The man (the boy?) started tapping his shiny, wing-tipped Oxford to the beat of the music. A little off-tempo. Bobbing his head dis-jointedly, just enough so that his hair flopped, almost comically, this way and that. The colored lights glinted off the disco ball and drifted across his lapel.

It was a Johnny Cash song. Almost all spoken dialogue. A little silly in its blatant Americana—all fist fights and lost fathers and booze. But the man had such an earnest look on his face that it made the song instantly, easily loved. And he did the voice, too, with a barstool-cowboy gruffness. A sheepish bravado. 

He slowly started to shed—first the jacket, thrown onto the sticky bar floor, and then the tie was loosened and the top buttons undone and the shirtsleeves rolled up to his elbows. He came out of himself until his hair matched his clothes, like an overgrown altar boy eager to ditch church and get back to the neighborhood baseball game.

And then he was dancing. Holding the mic stand, dipping it like a dance partner that he loved dearly.
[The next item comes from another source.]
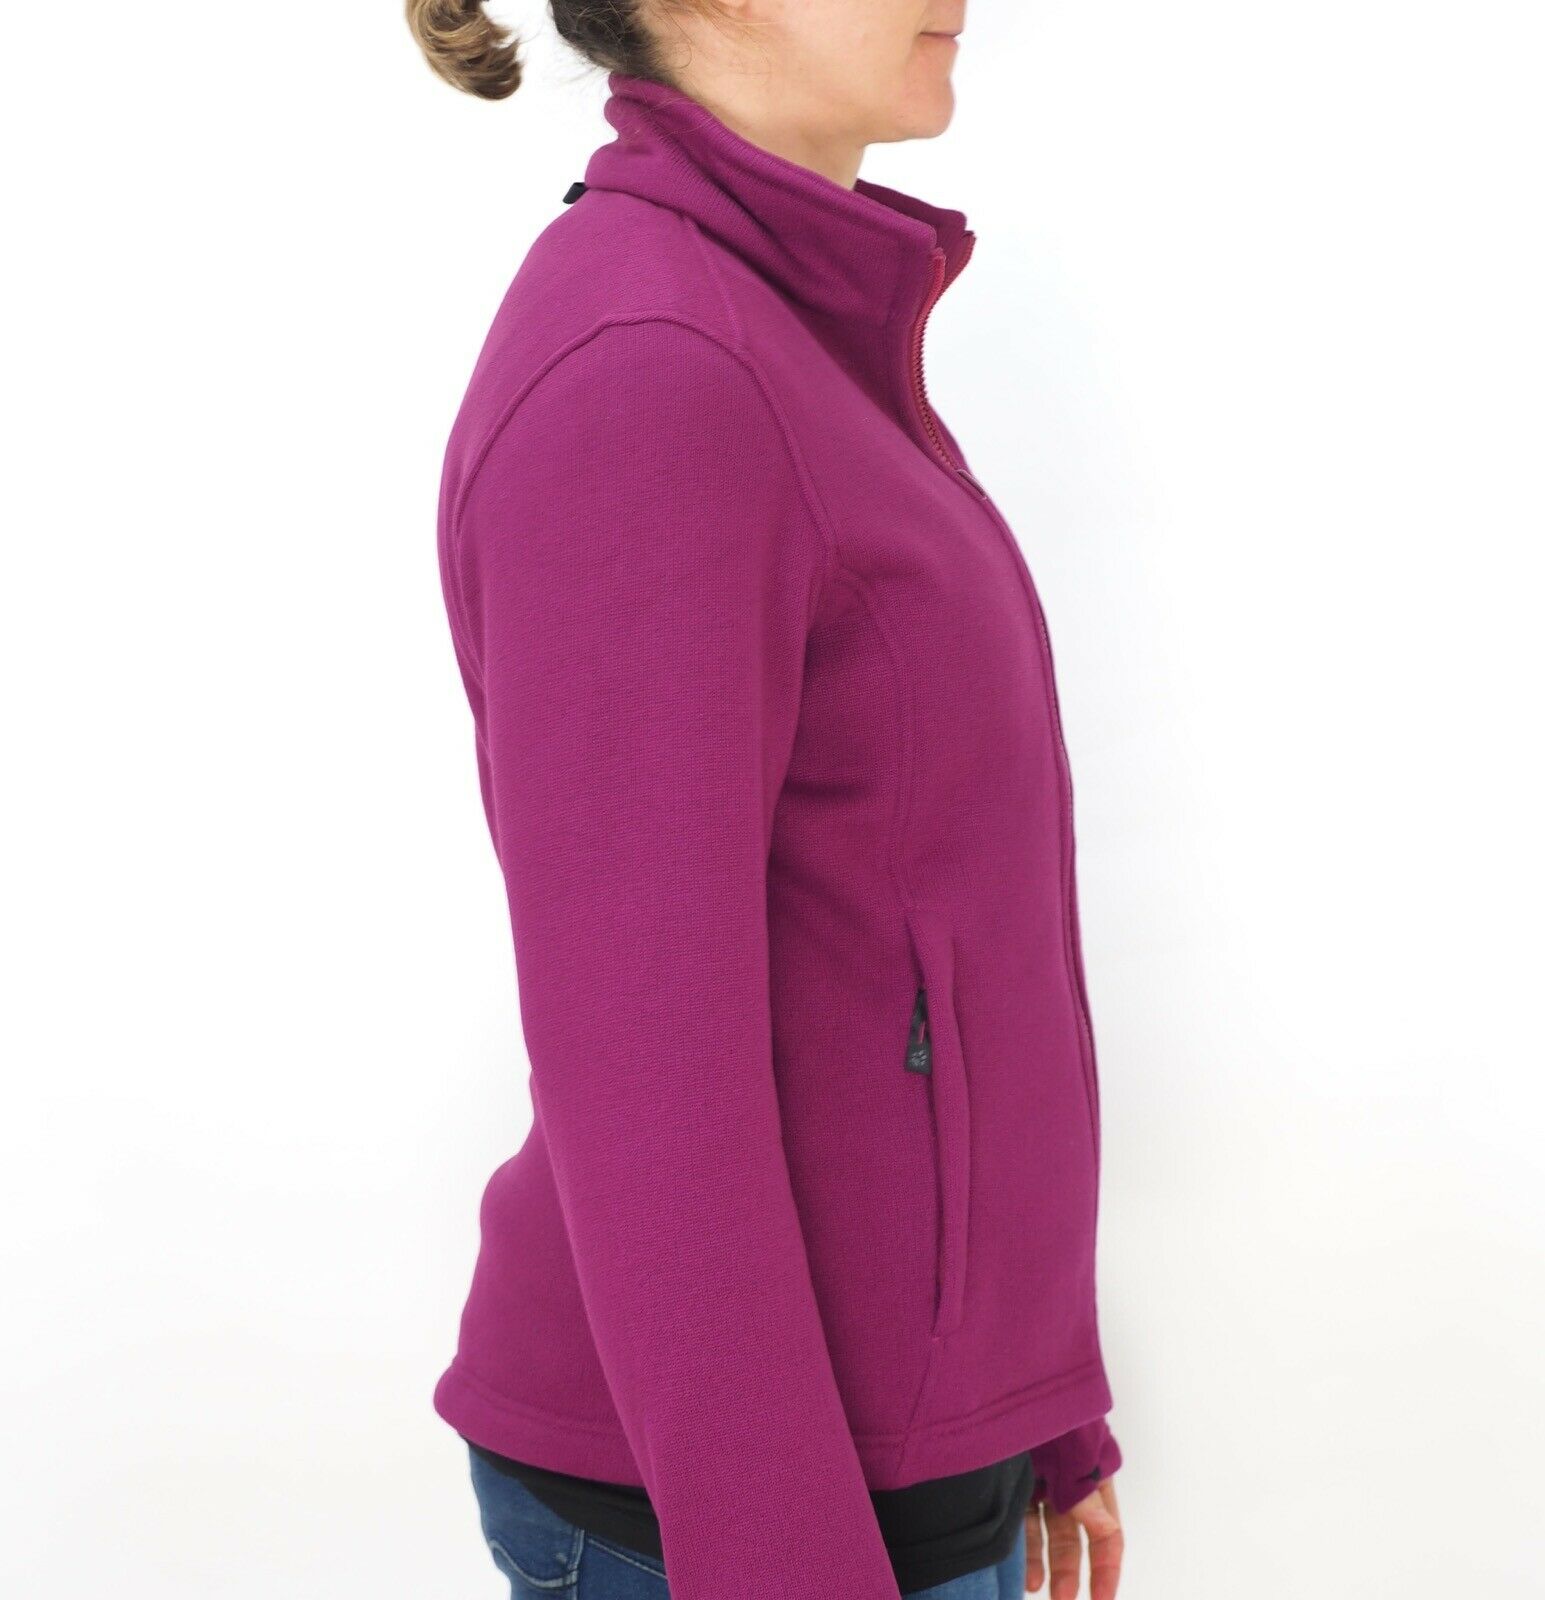 Womens Jack Wolfskin Kinga 5018701 Wild Berry Zip Up Warm Fleece Sweatshirt - London Top Style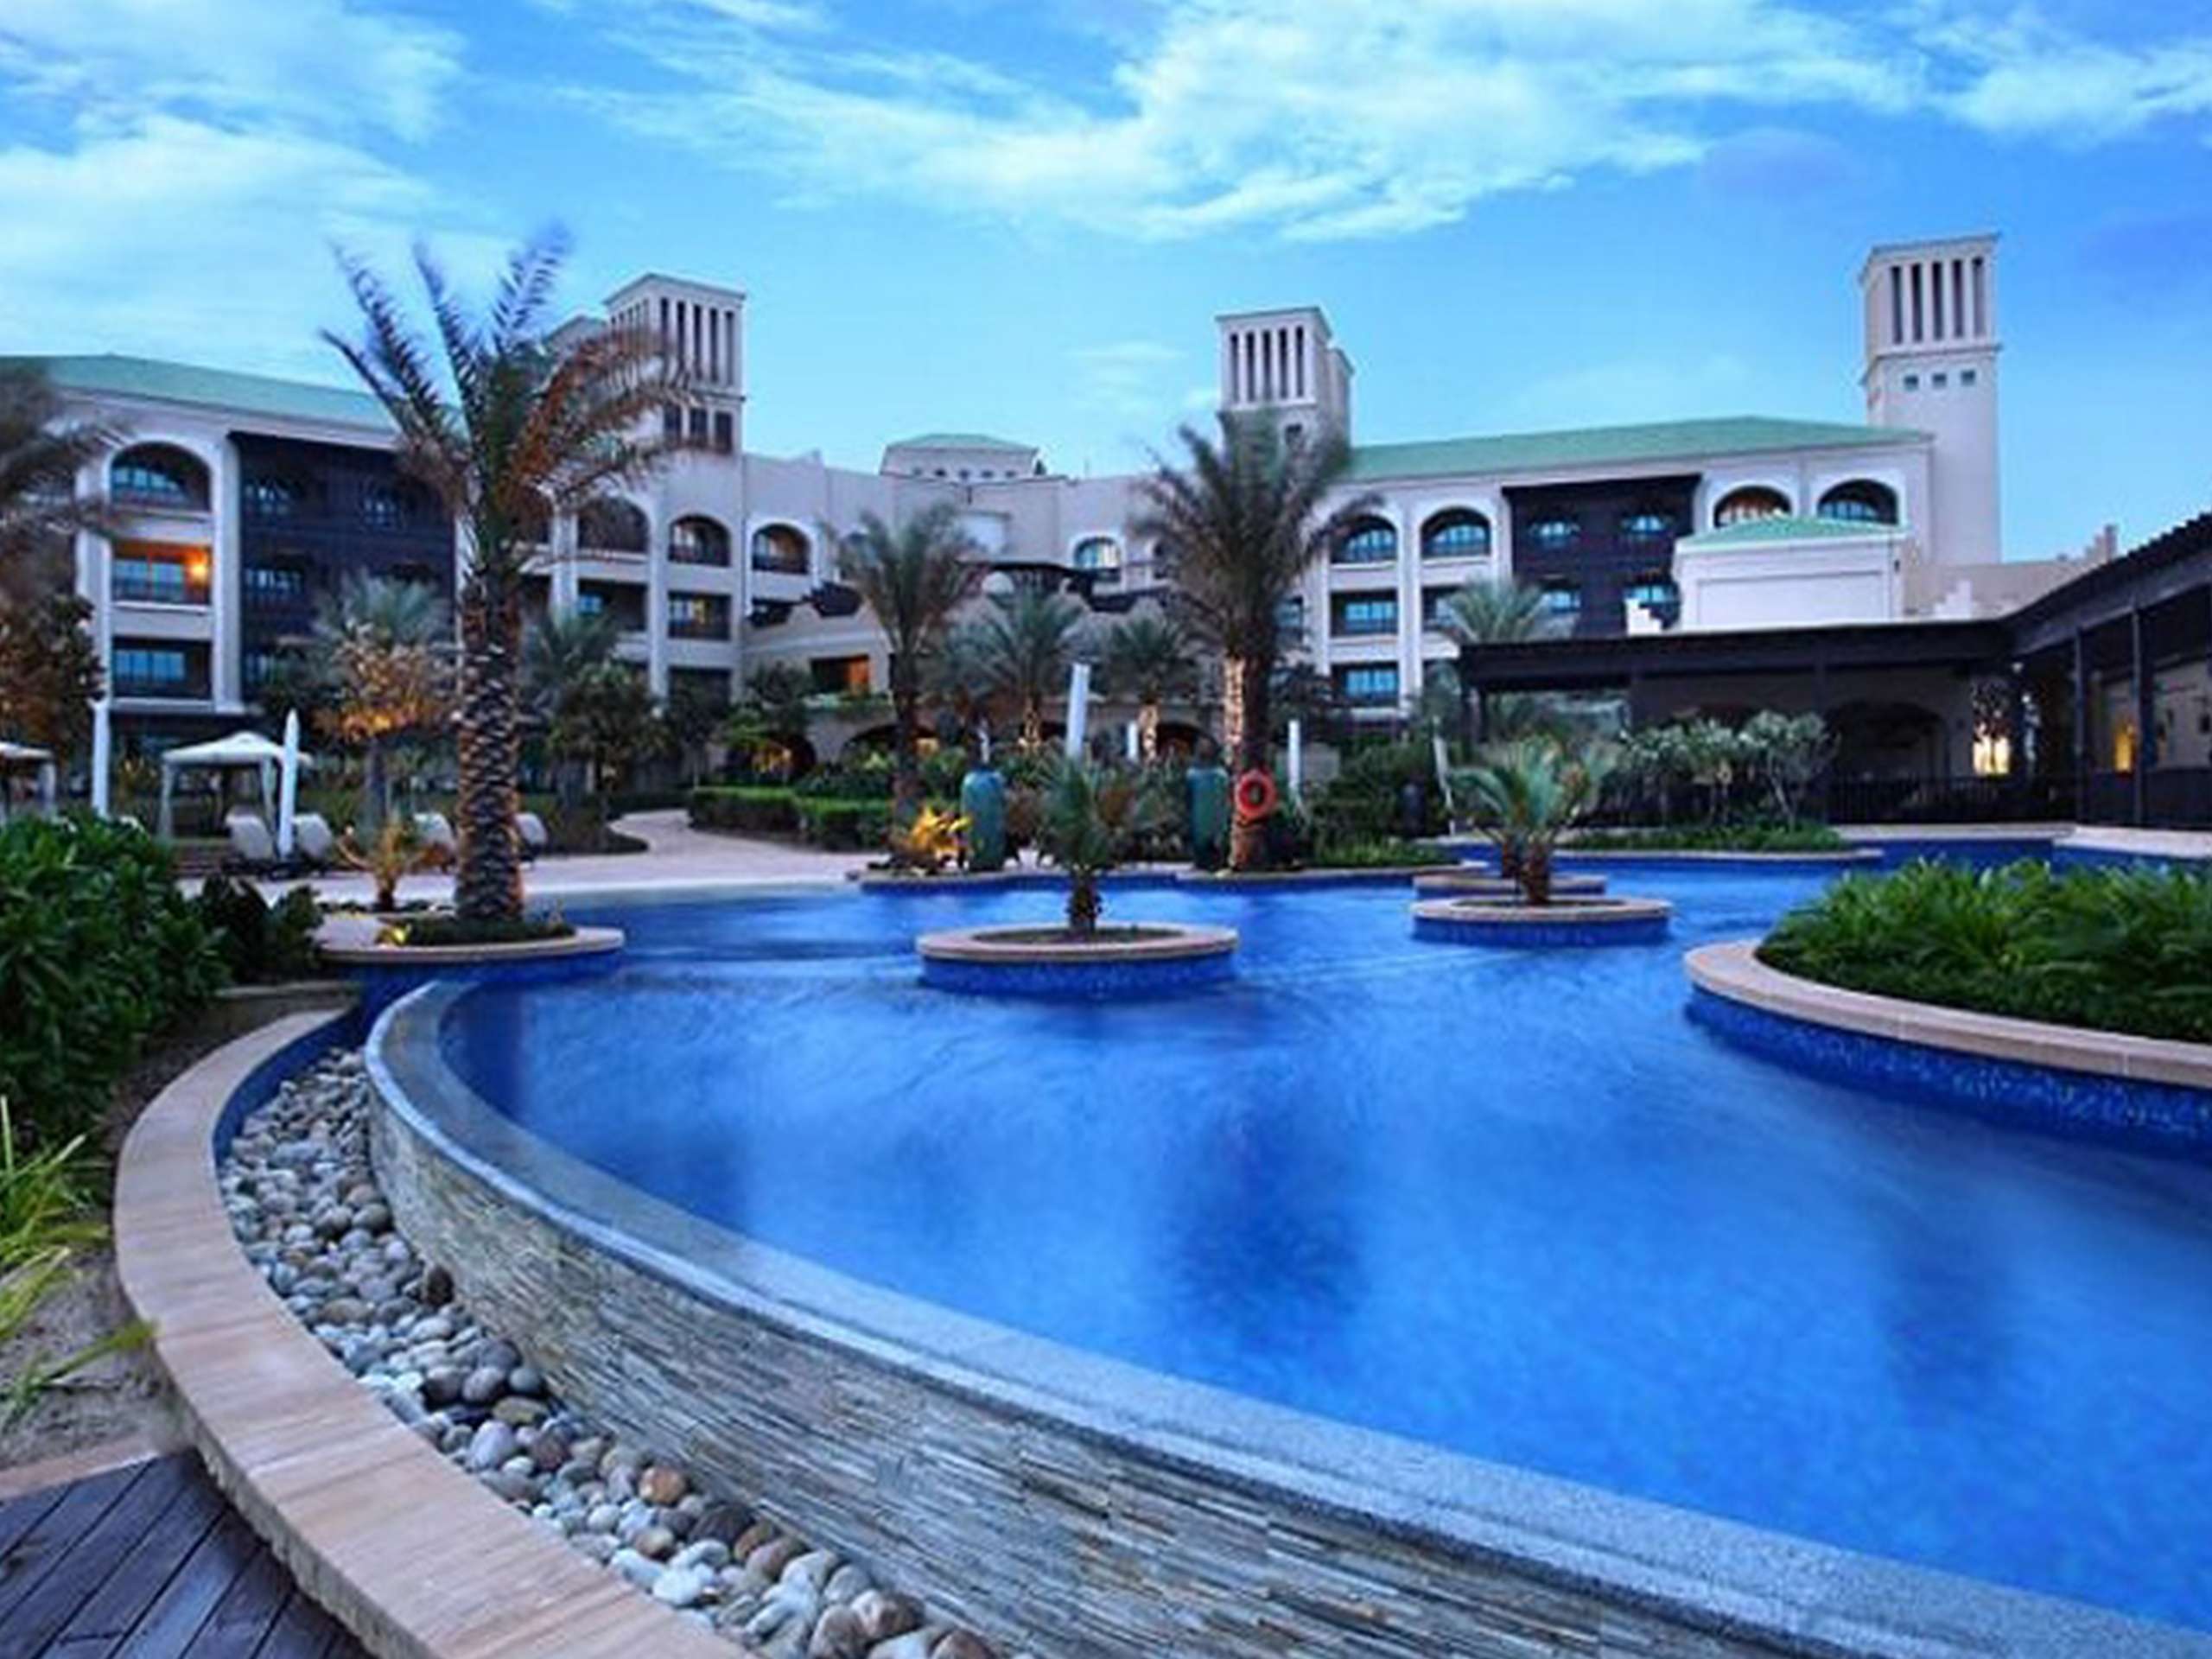 Zodiac pools Dubai

His long-stiff limbs—you could tell he hadn’t moved like this in while—suddenly, awkwardly, beautifully free.

By the end he was panting, rosy-cheeked. The song ended, and he stood there, so different from when he first stepped onto the stage. The room was quiet for a moment. He nodded once, then moved from the spotlight. And then everyone, slowly, everyone clapped. And he smiled, quietly proud. And satisfied, so satisfied.